As the LBRY Court pointed out, this is a pointless conclusion that an enforcement agency such as the SEC must prosecute all potential fraudsters in order to prosecute just one. Will lead to. Blockchain companies considering issuing tokens should pay attention to this fact before jumping into the token issuance scene.
Impact on Ripple Case
The LBRY court recently dismissed the SEC’s request to extend the hearing date by about a month. This means that the LBRY case will be decided prior to the SEC’s proceeding against Ripple Labs for failing to register for the offer and sale of the cryptocurrency XRP issued by Ripple Labs, unless there is an additional rescheduling. (“Ripple case”). This is important because the court’s decision in LBRY may be cited in Ripple. In fact, the SEC has already attempted to include the LBRY decision as a precedent for Ripple Labs. Ripple case. Specifically, the SEC sought to use the LBRY Court’s ruling on affirmative defense of LBRY’s selective enforcement as a sword against affirmative defense of Ripple Labs’ fair notice. It does not appear to have changed the court’s decision in Ripple, but this is a potential between the two cases as both are awaiting a final ruling and may be decided in close proximity to each other. Ripple.

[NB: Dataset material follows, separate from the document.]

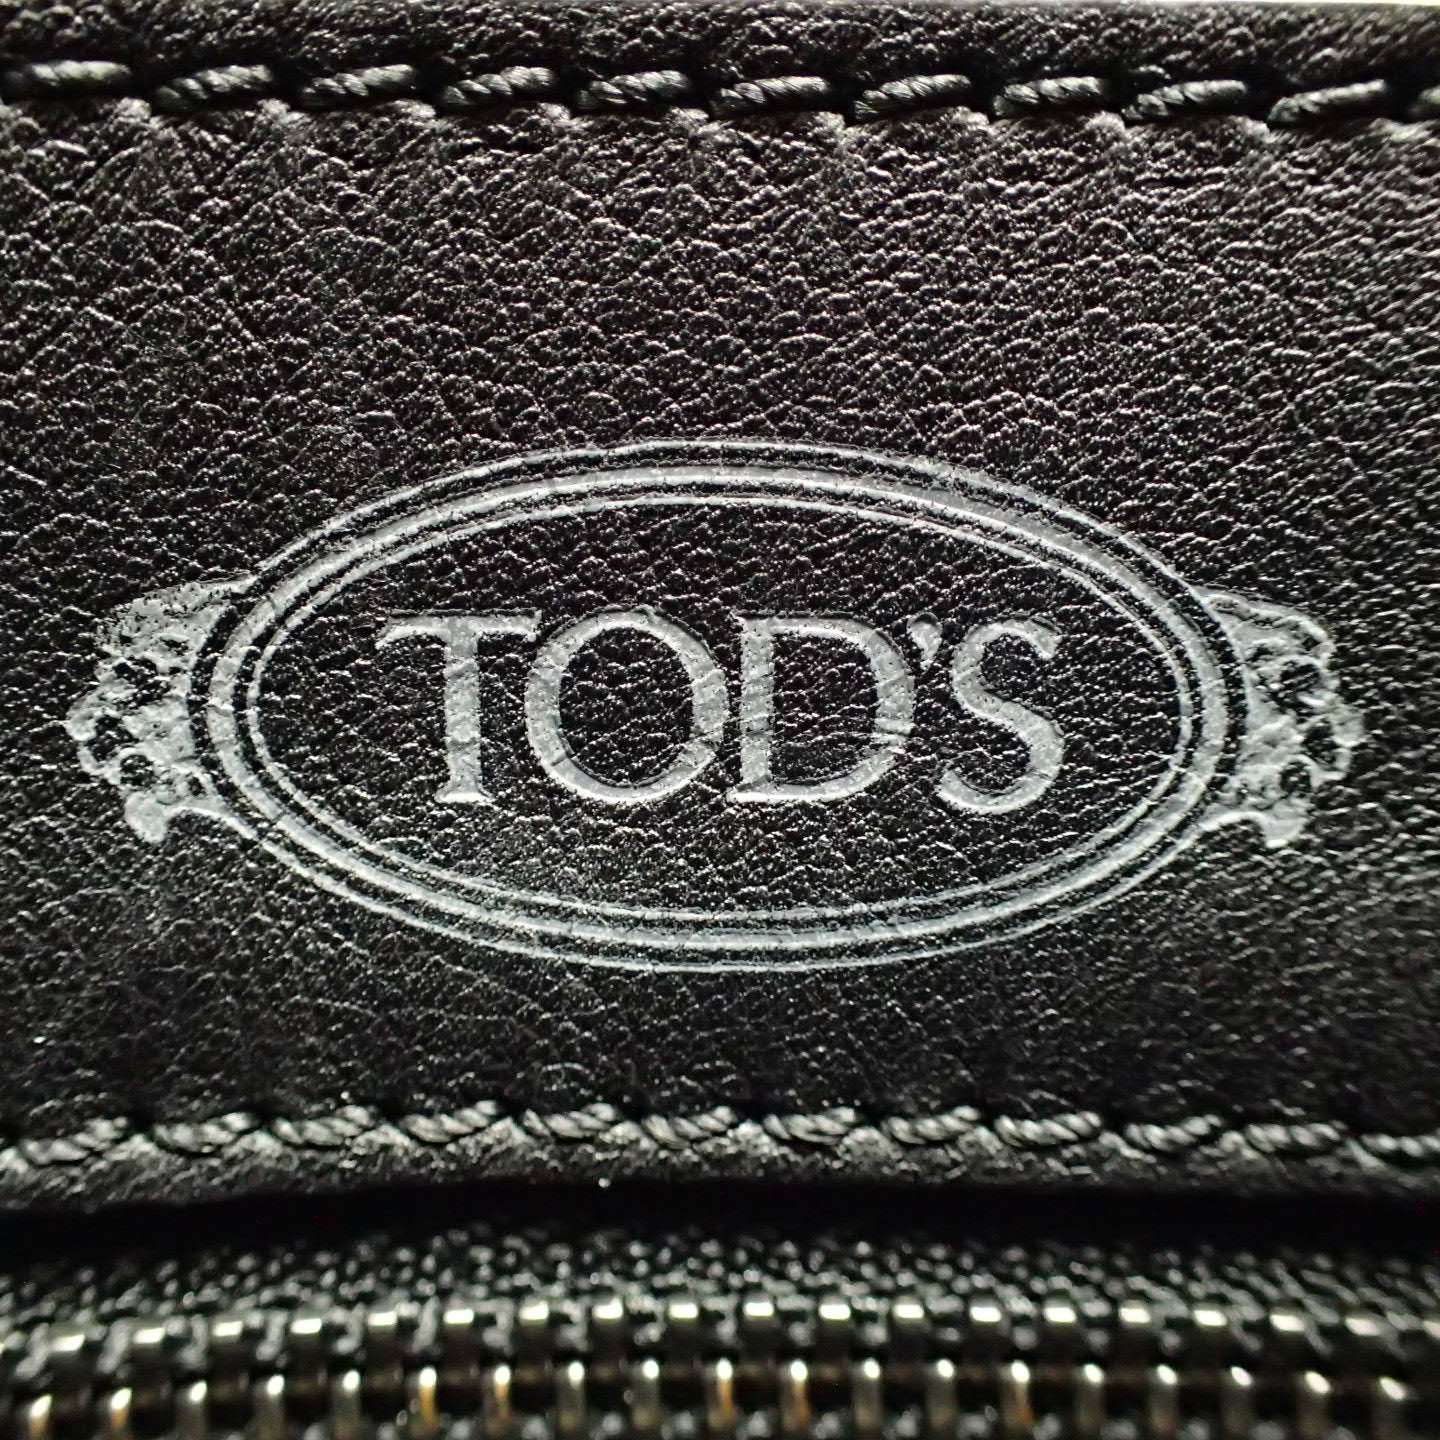 TOD'S tote bag suede leather switching TOD'S [AFE2] [Used]

Another aspect to keep in mind as both cases move forward is whether the SEC is taking an inconsistent position in the LBRY and Ripple cases. Ripple Labs claims that the SEC does so regarding the handling of speeches by former corporate finance director William Hinman. Ripple Labs pointed out this fact in opposition to the SEC’s motion for a partial review of the court’s order on the preparation of notes taken by SEC officials from meetings between the SEC and Ripple Labs, and others. .. In particular, Ripple Labs claimed that the SEC previously claimed that in both Ripple and LBRY cases, Mr. Hinman’s speech merely expressed Mr. Hinman’s “personal view.” Reflected the policy process within the SEC’s corporate finance department, which said it was taking the position of being at its peak. While Ripple Court does not appear to be taking a position on this issue, it further demonstrates the importance of tracking the SEC’s position in both cases. This is because the position of the SEC in some cases, especially its position within each, is inconsistent.